A Modern House On The Cheap

A new book from the former editor of Dwell Magazine details the search for a stylish, modern urban home for around $100 a square foot.

2 minute read

September 1, 2006, 12:00 PM PDT

By Christian Madera @http://www.twitter.com/cpmadera


"After three years as the editor in chief of Dwell, a shelter magazine based in San Francisco, Karrie Jacobs had had enough. Homesick for New York and frustrated with the editorial direction of the magazine she had helped to launch, she decided it was time to make a new life for herself. For Ms. Jacobs, that meant finding a place that felt like home. In her post-Dwell career as a freelance writer she did not have the deep pockets of her subjects. But as an architecture critic she could not buy just any old house.

Her book, 'The Perfect $100,000 House', published last week by Viking, chronicles her 14,000-mile road trip in the summer of 2003, the year after she left the magazine, in search of an architect who could deliver the stylish, custom-made house of her dreams for what she considered a reasonable price: $100 a square foot.

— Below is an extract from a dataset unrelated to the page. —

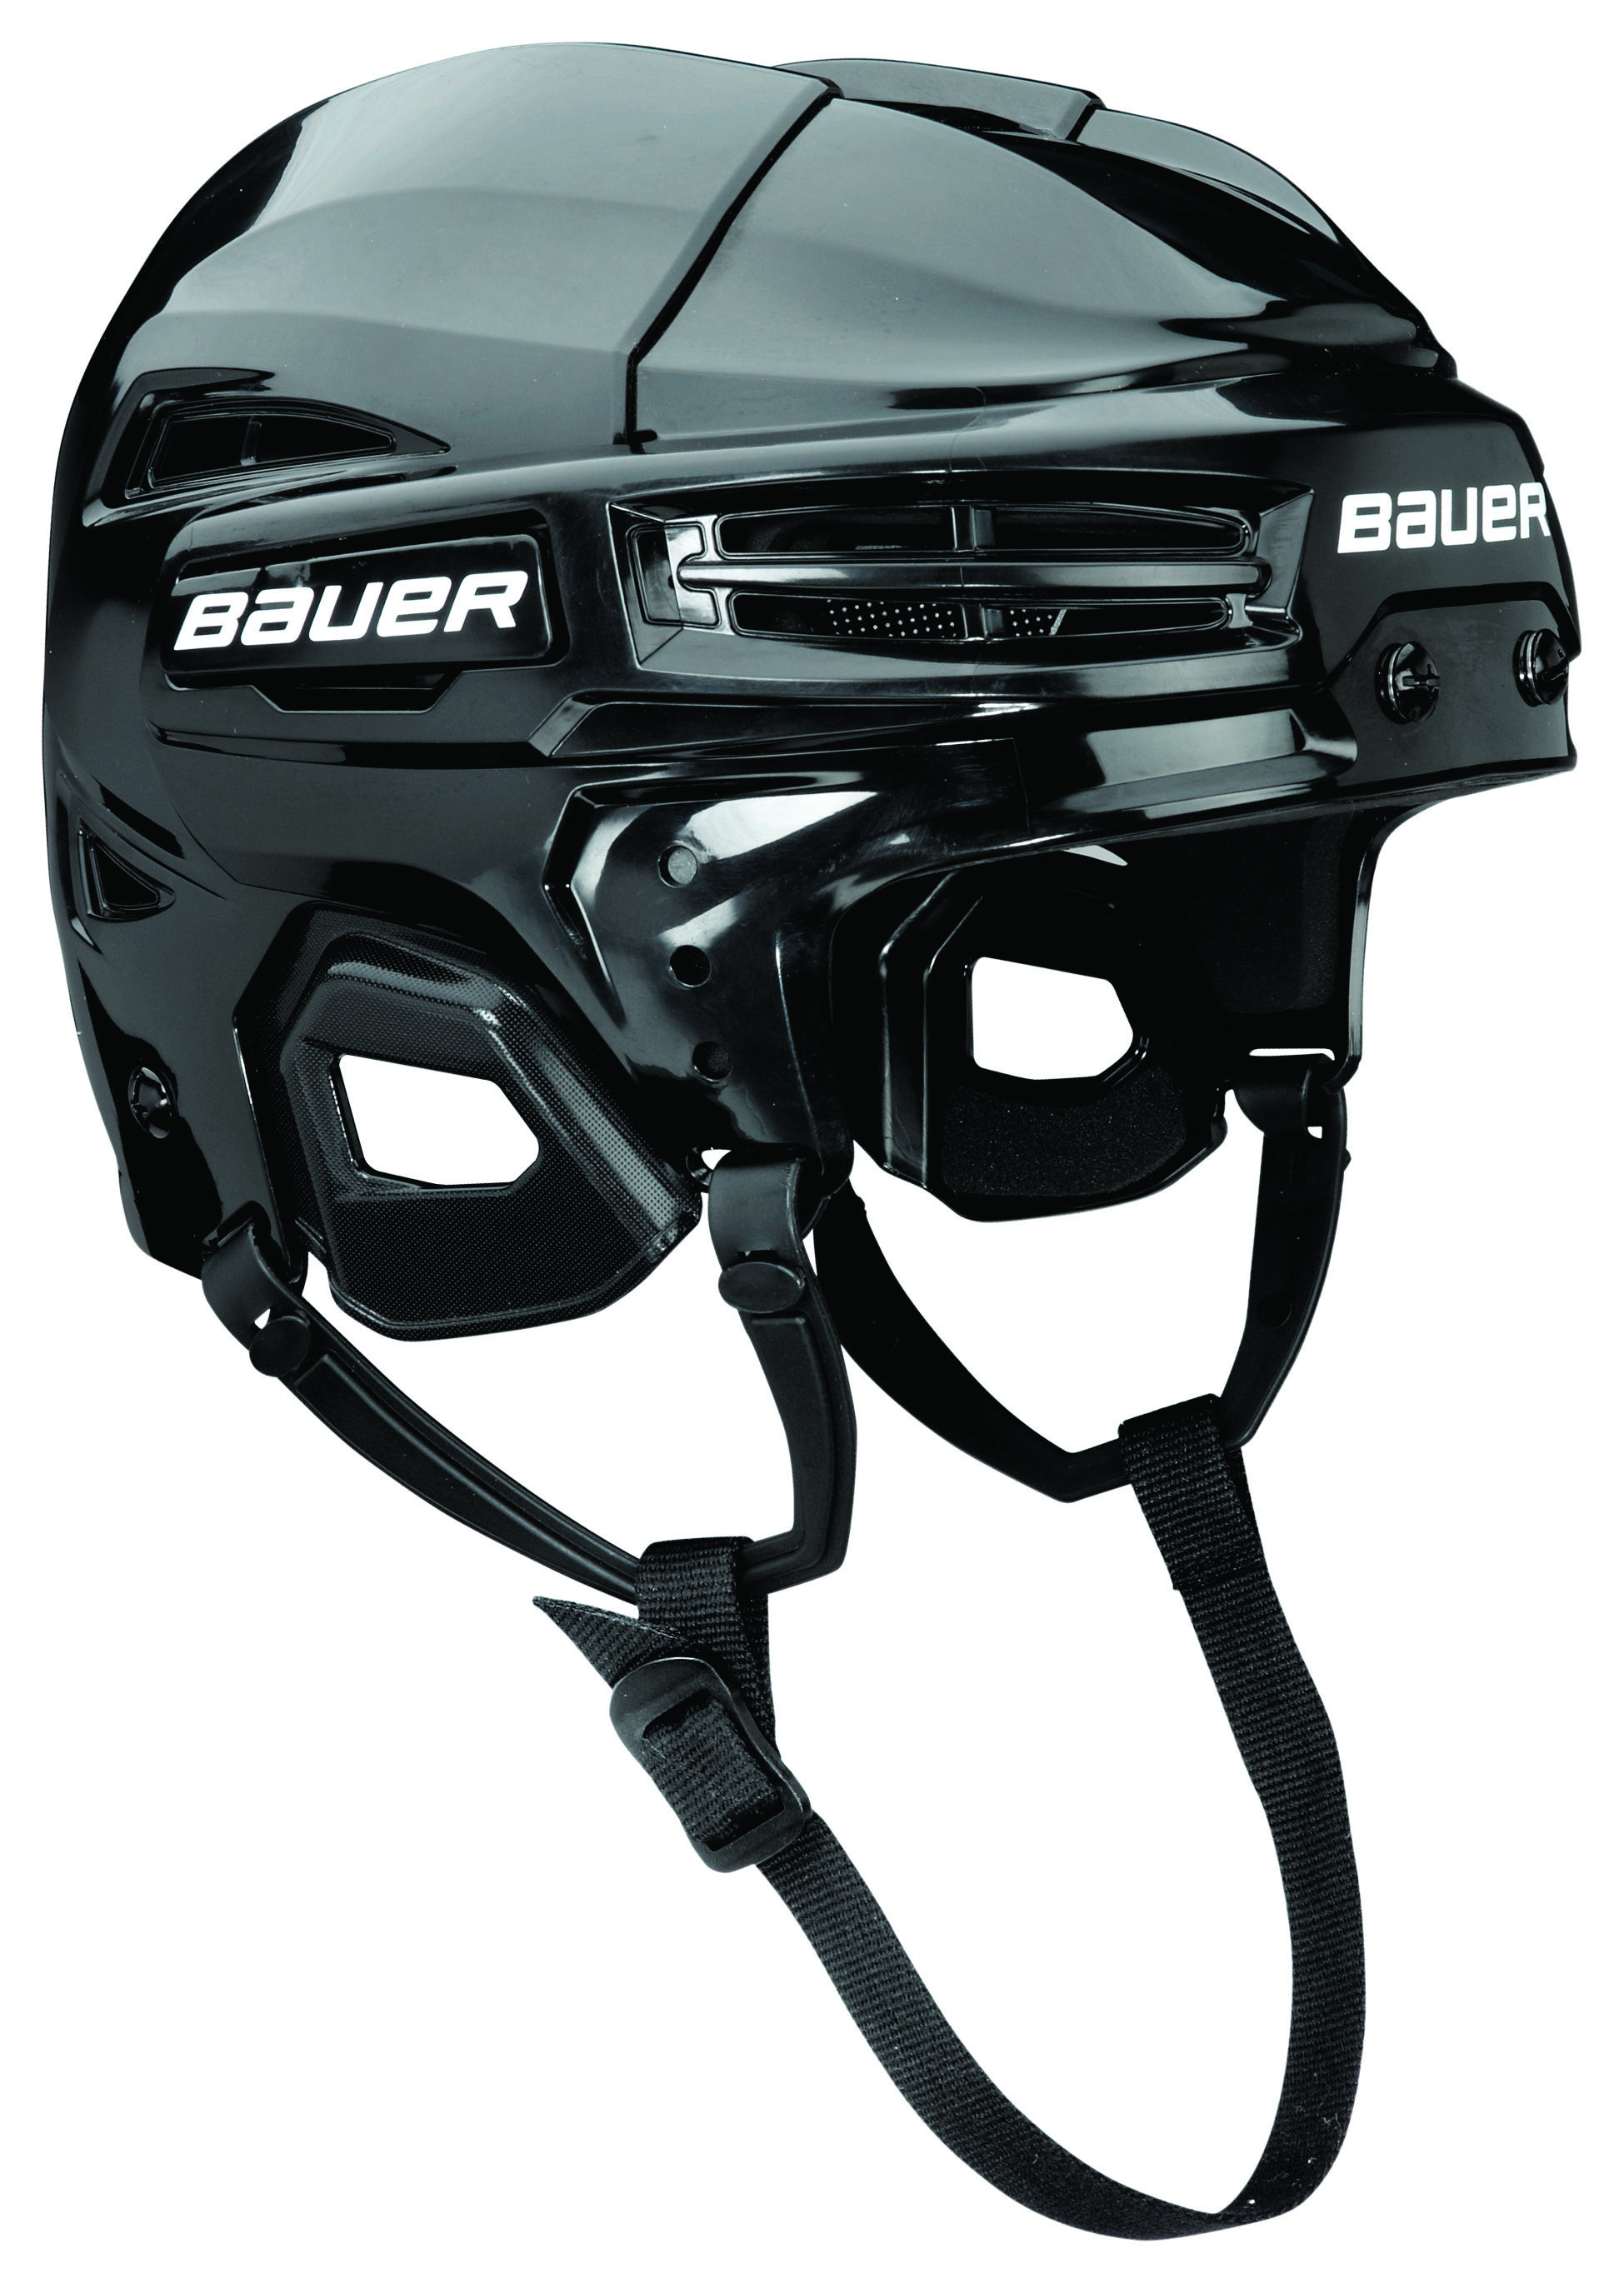 Bauer IMS 5.0 hockeyhjelm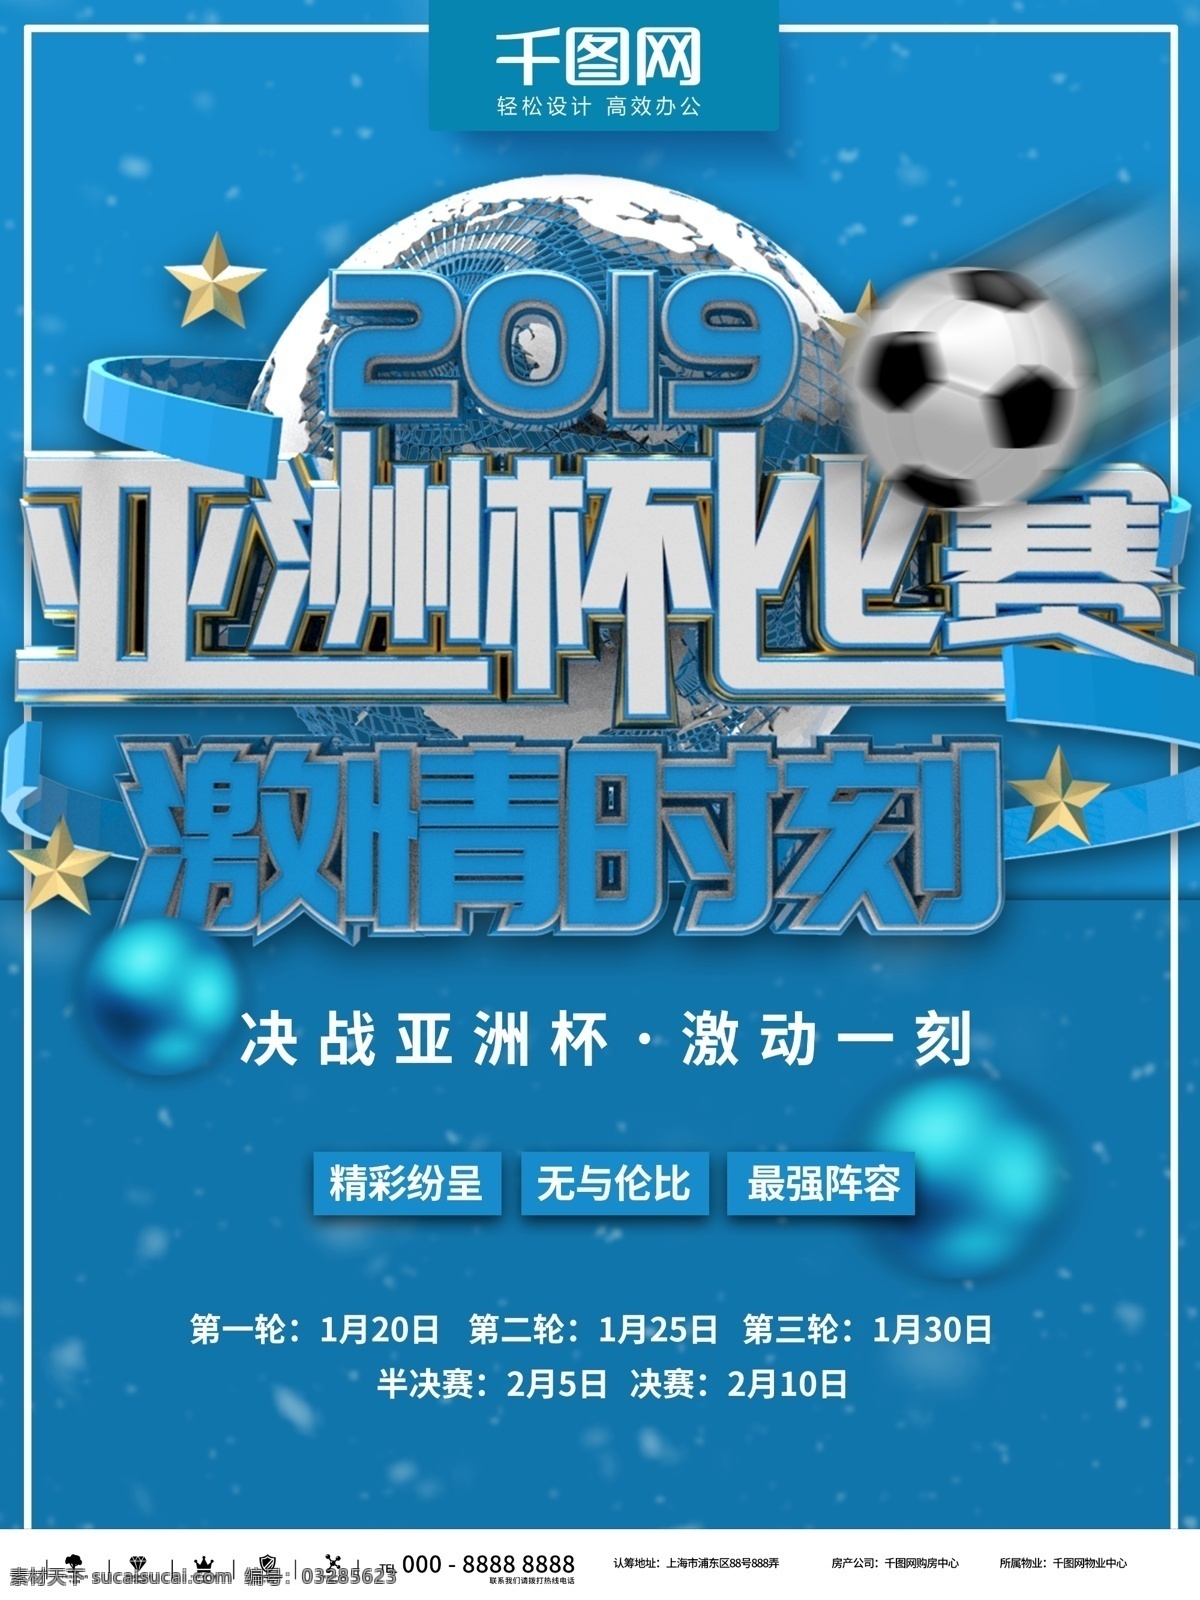 蓝色 简约 决战 亚洲杯 商业 宣传海报 大气 运动 健身 足球 立体 体育 比赛 赛程 宣传 活动 展示

That figure was more a rough estimate based on instinct than a reality based on hard numbers. (Last year the median size of a new American home, according to the Census Bureau, was 2,200 square feet, and the median single-family house price, according to the National Association of Realtors, was $219,000. Although no one with a passion for numbers would decide that the median home thus cost $100 a square foot, that number sufficed to make her point when it came to writing the book.)

She found options worthy of serious consideration in a handful of cities, including Crestone, Colo.; Perryville, Mo.; and Troy, N.Y., but not in design centers like Manhattan and San Francisco. To even look at New York, where she had lived for most of her adult life, 'seemed tragically pointless,' she said."